Researchers study COVID-19 mortality among introverts and extroverts
Researchers study COVID-19 mortality among introverts and extroverts

Researchers study COVID-19 mortality among introverts and extroverts

In a recent study posted to medRxiv* preprint server, researchers investigated the link between introversion and risk of mortality during coronavirus disease 2019 (COVID-19) pandemic.

Examination: In the midst of a pandemic, introverts can have a mortality benefit. Image credit: Vitalii Vodolazskyi / Shutterstock

Studies have shown that extroverted populations have lower mortality rates compared to extroverted individuals under normal situations. However, within the framework of the COVID-19 pandemic, where social contact must be kept to a minimum, introverts may have an advantage.

About the study

In this study, researchers predicted that introverts were more likely to limit social interactions and activities in light of the pandemic compared to extroverts.

The team obtained data from a study called Midlife in the United States (MIDUS), which collected information related to non-institutionalized adults between the ages of 25 and 74 living in the United States. The study cohort included an oversampling of older individuals, men, a pair of twins, and a sample of siblings. The team confirmed participants’ vital status by searching through the National Death Index, longitudinal sample maintenance, and survey field work.

Participants’ personalities were estimated by wave 1 using questionnaires related to the five major personality taxonomy. The evaluation of each personality was based on the extent to which the participant responded to a set of four to seven descriptions using answers categorized into: (1) not at all, (2) a little, (3) some, and ( 4) a lot.

The team predicted extroversion as the mean of the five descriptors, including extroverted, lively, kind, talkative, and active. Furthermore, conscientiousness was evaluated with descriptors, including organized, hardworking, responsible, and careless. Neuroticism was evaluated using four descriptors such as moody, nervous, worrying, and calm. Furthermore, comfort was rated with five points described as helpful, caring, warm, sympathetic, and kind-hearted. Openness was described using elements such as creative, intelligent, imaginative, curious, sophisticated, broad-minded and adventurous.

The researchers also obtained self-rated health status from the participants, which was based on a five-point ordinary scale. Individuals’ physical limitations were also assessed based on the self-rated performance of eight tasks: (1) lifting or transporting groceries; (2) bending and kneeling, (3) walking over a kilometer, (4) walking several blocks, (5) walking a block, (6) vigorous activities such as running or lifting heavy objects, (7) climbing several flights, and (8) moderate activities such as bowling or vacuuming.


The results of the survey showed that the average extroversion score was 3.2, while 40% of the participants scored 2.4 or less, 23% scored more than 3.6, and 12% scored the highest value of four. The average extroversion score was the highest for comfort with 3.5 and conscientiousness with 3.4, while neuroticism scored the lowest value at 2.2.

Before the pandemic, extroversion was correlated with lower mortality; during the pandemic, however, extroverted individuals showed higher pandemic-related excess mortality than introverted individuals. After adjusting for personality traits of conscientiousness, the variation in the effect of extroversion before and during the COVID-19 pandemic was somewhat significant. As the team also adjusted for the characteristics neuroticism, comfort, and openness, the effect of extroversion on mortality before the pandemic was more significant, while the effect during the pandemic was slightly weaker. Overall, the correlation between extroversion and pandemic-related excess mortality remained stable after adjusting for personality traits.

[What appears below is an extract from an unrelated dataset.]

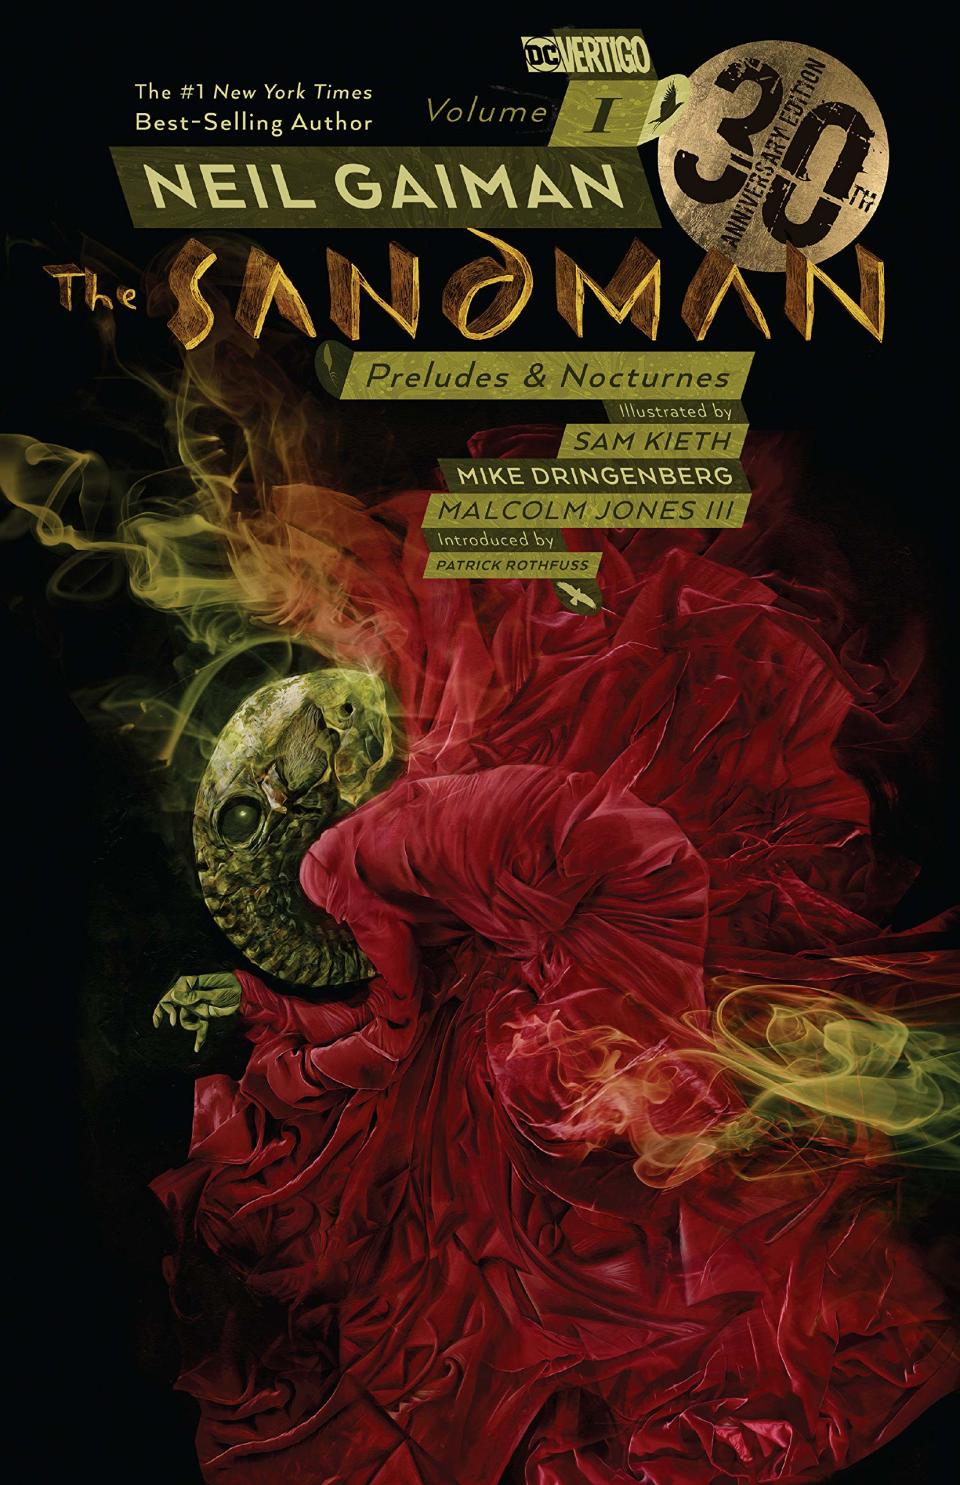 "Sandman Volume 1: Preludes & Nocturnes," written by Neil Gaiman

Compared to participants who scored an average level of extroversion, pre-pandemic mortality was 10% lower and 12% higher for participants who were extremely extroverted and extremely introverted, respectively. However, the team observed that the extroverts had higher mortality rates than the introverts throughout the pandemic.

The survival rate for individuals aged between 25 and 85 years fell from 57% before to 48% during the pandemic for extroverted individuals. On the other hand, the survival rate increased from 49% before to 64% during the pandemic for introverts. Thus, the survival rate for extroverted people during the pandemic was the same as for the introverts before the pandemic, while the survival rates for introverts during the pandemic were higher than for the extroverted ones before the pandemic.

Overall, the results of the study showed that the mortality benefit shown by the extroverts under normal situations was non-existent at the beginning of the COVID-19 pandemic. In addition, introverts showed a significant mortality advantage over extroverts during the pandemic.

*Important message

medRxiv publishes preliminary scientific reports that are not peer-reviewed and therefore should not be considered as crucial, guide clinical practice / health-related behavior or be treated as established information.